◆ Raw data ◆
BEGIN
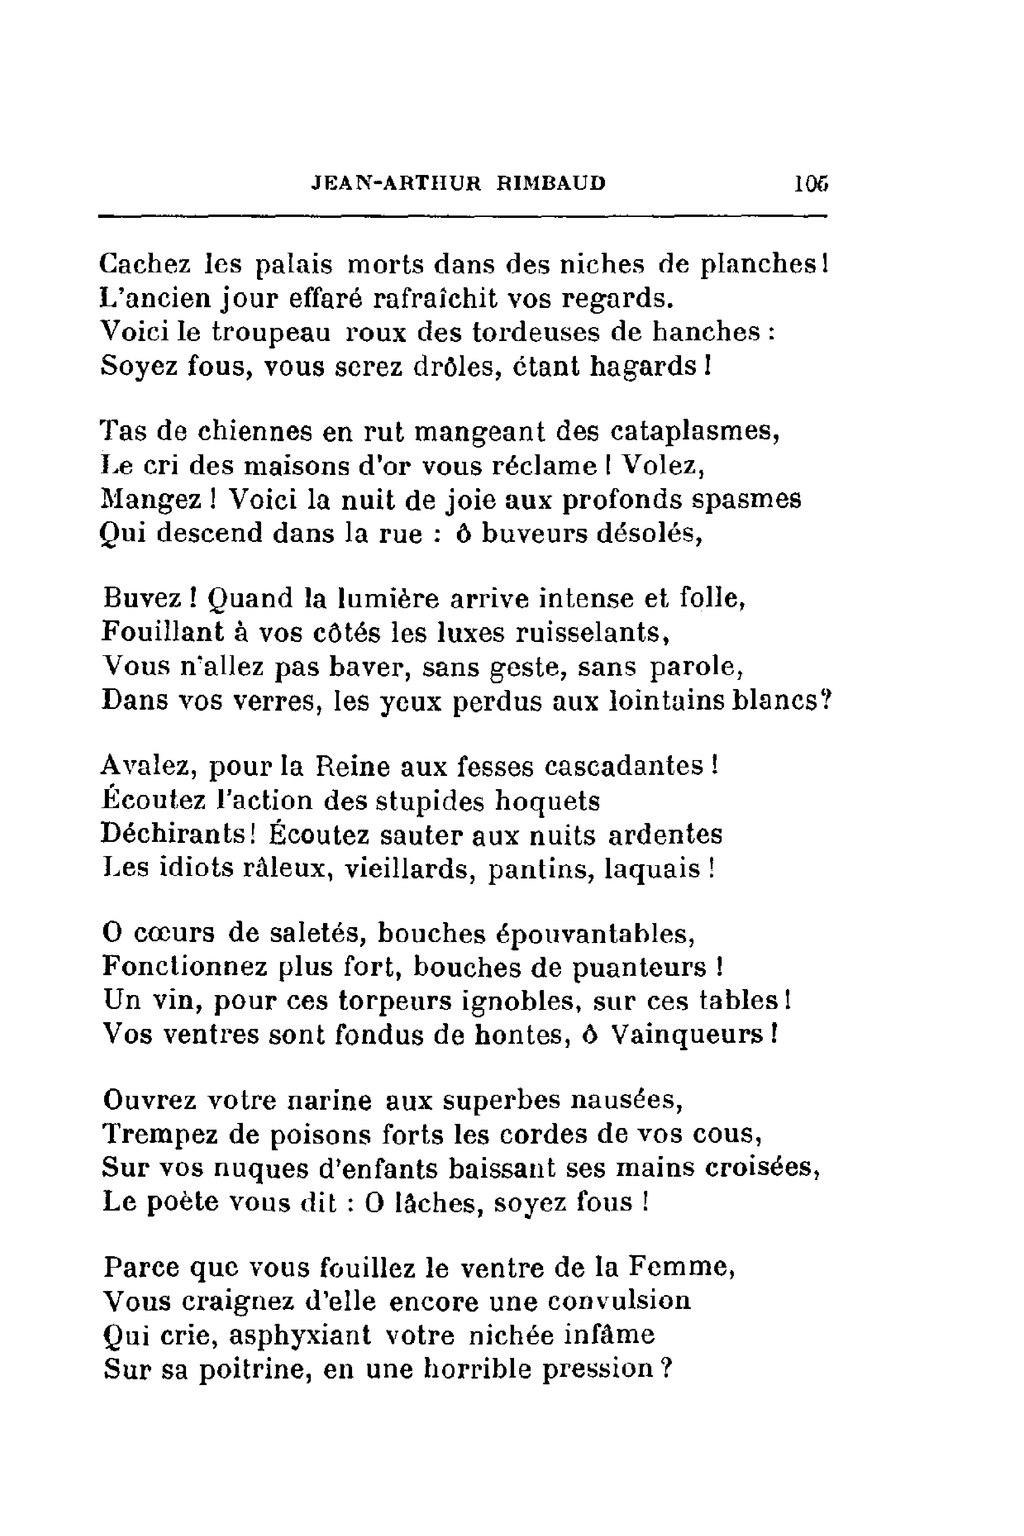 Pageberrichon Jean Arthur Rimbaud 1912djvu103 Wikisource
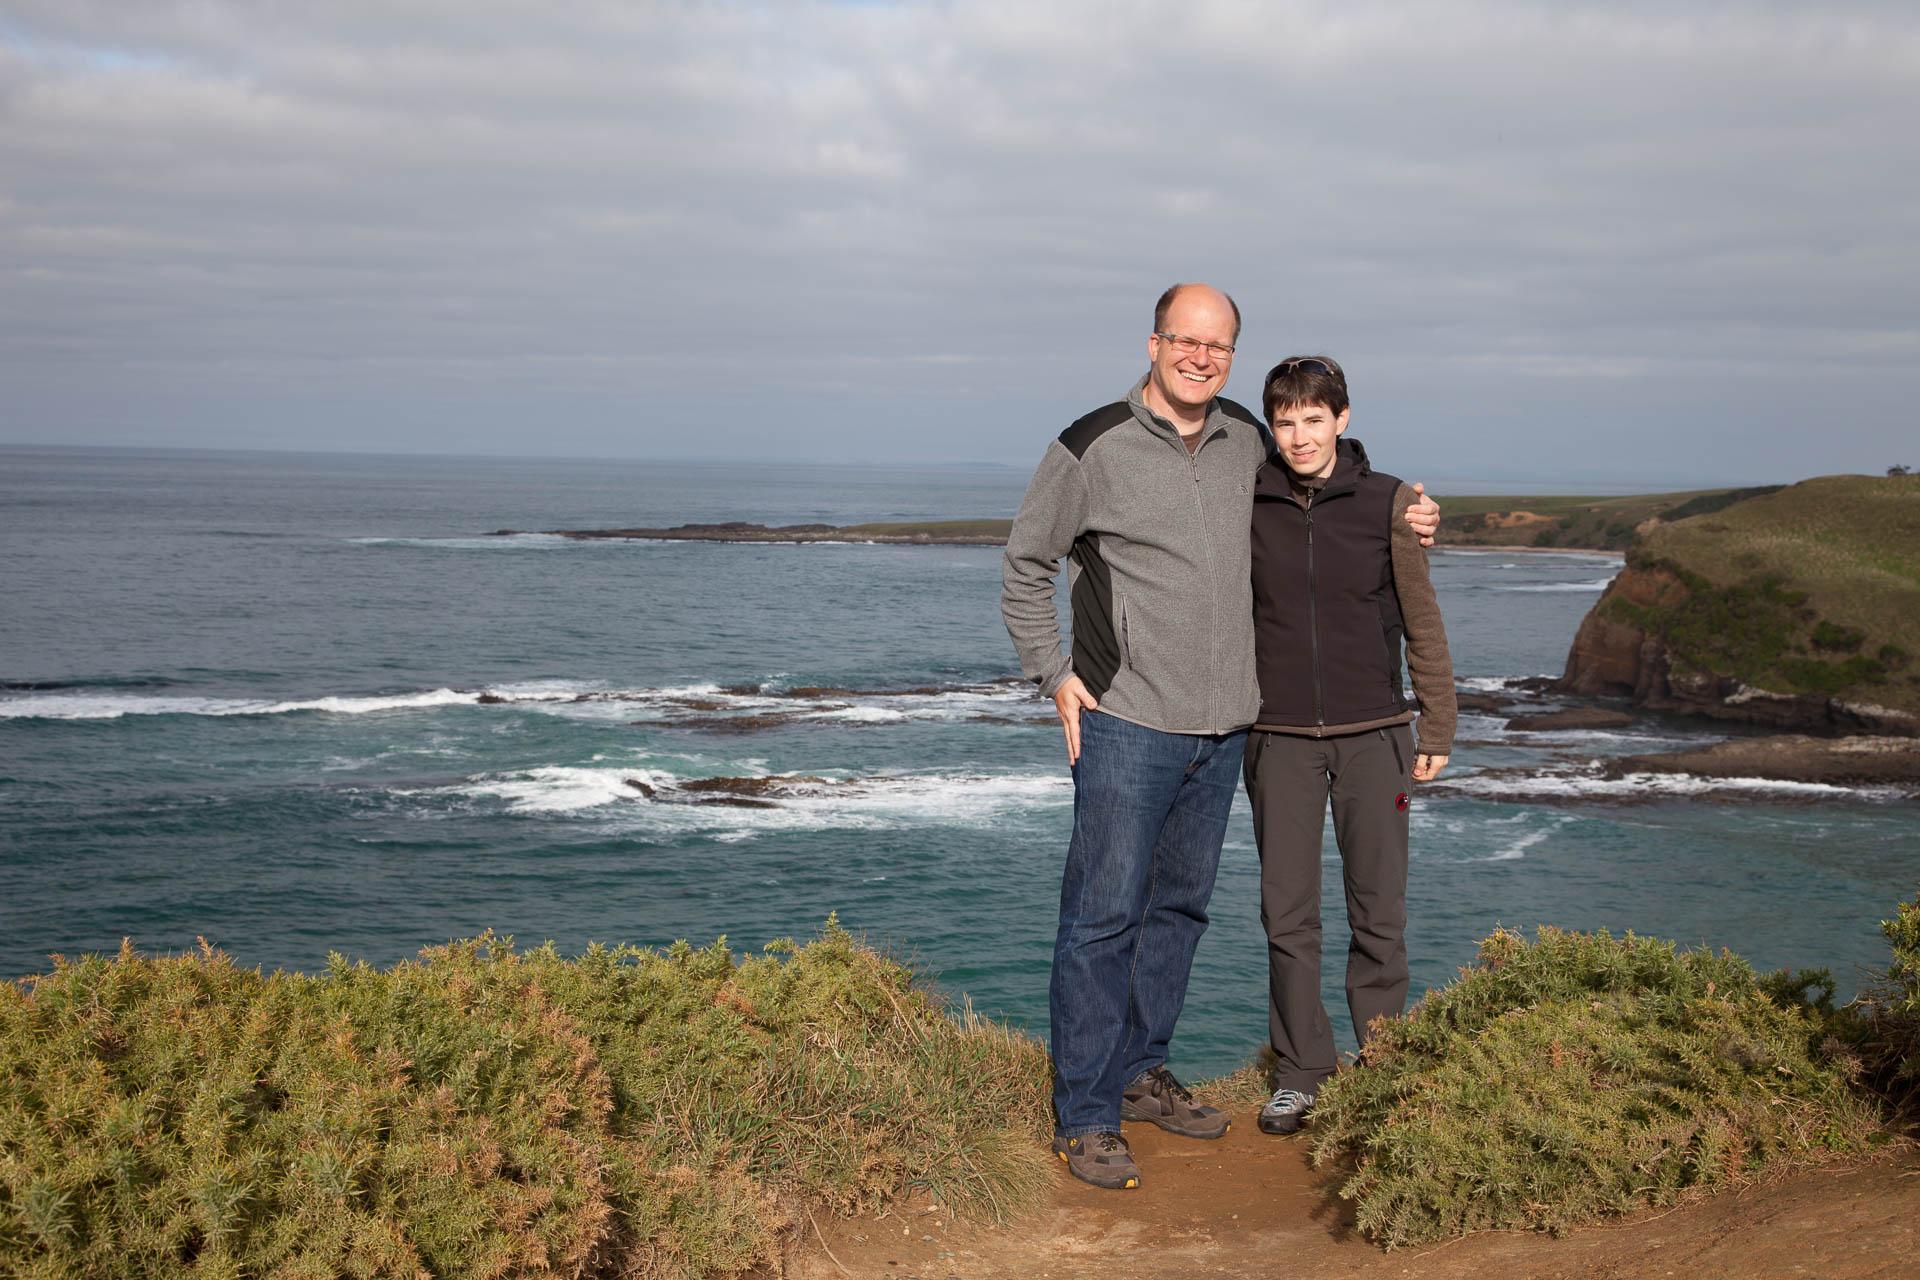 Slope Point Cliffs
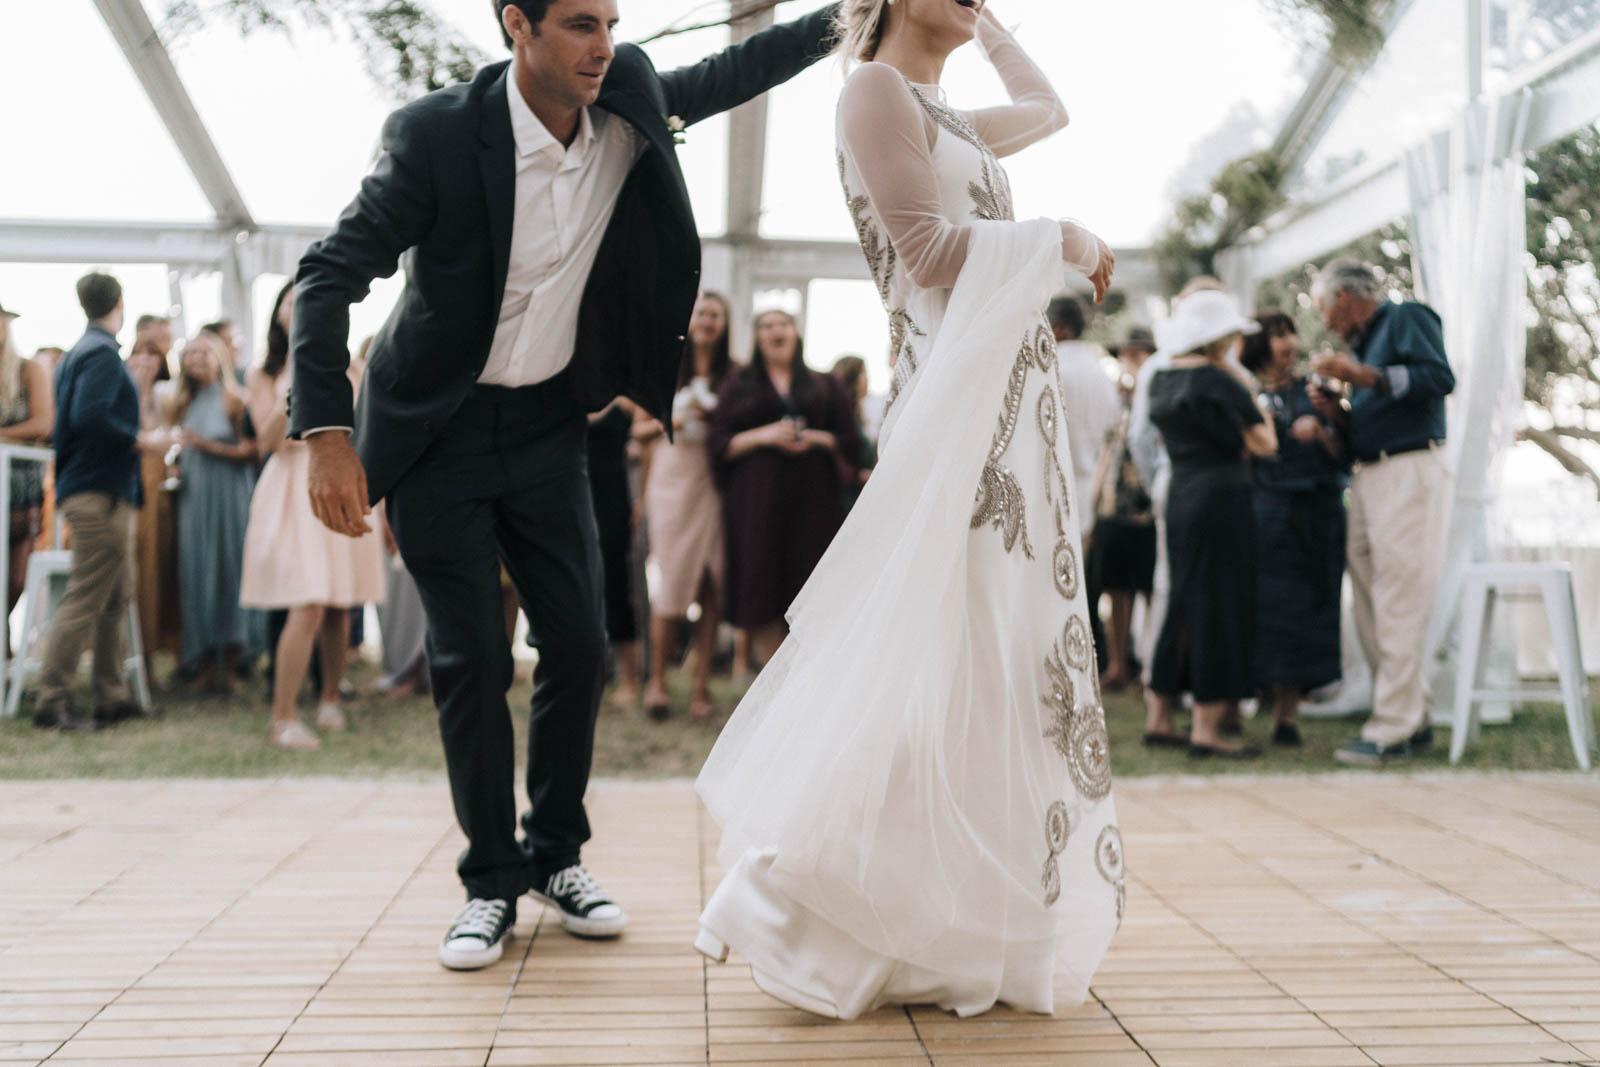 newfound-l-i-coromandel-wedding-photographer-2003-A9_05581
END
◆ Exercise aim ◆
Retyping is limited to the line with "Slope Point Cliffs" and the lines after it in the material above; give them exactly and leave out the pictures.

◆ Written solution ◆
 Slope Point Cliffs
 newfound-l-i-coromandel-wedding-photographer-2003-A9_05581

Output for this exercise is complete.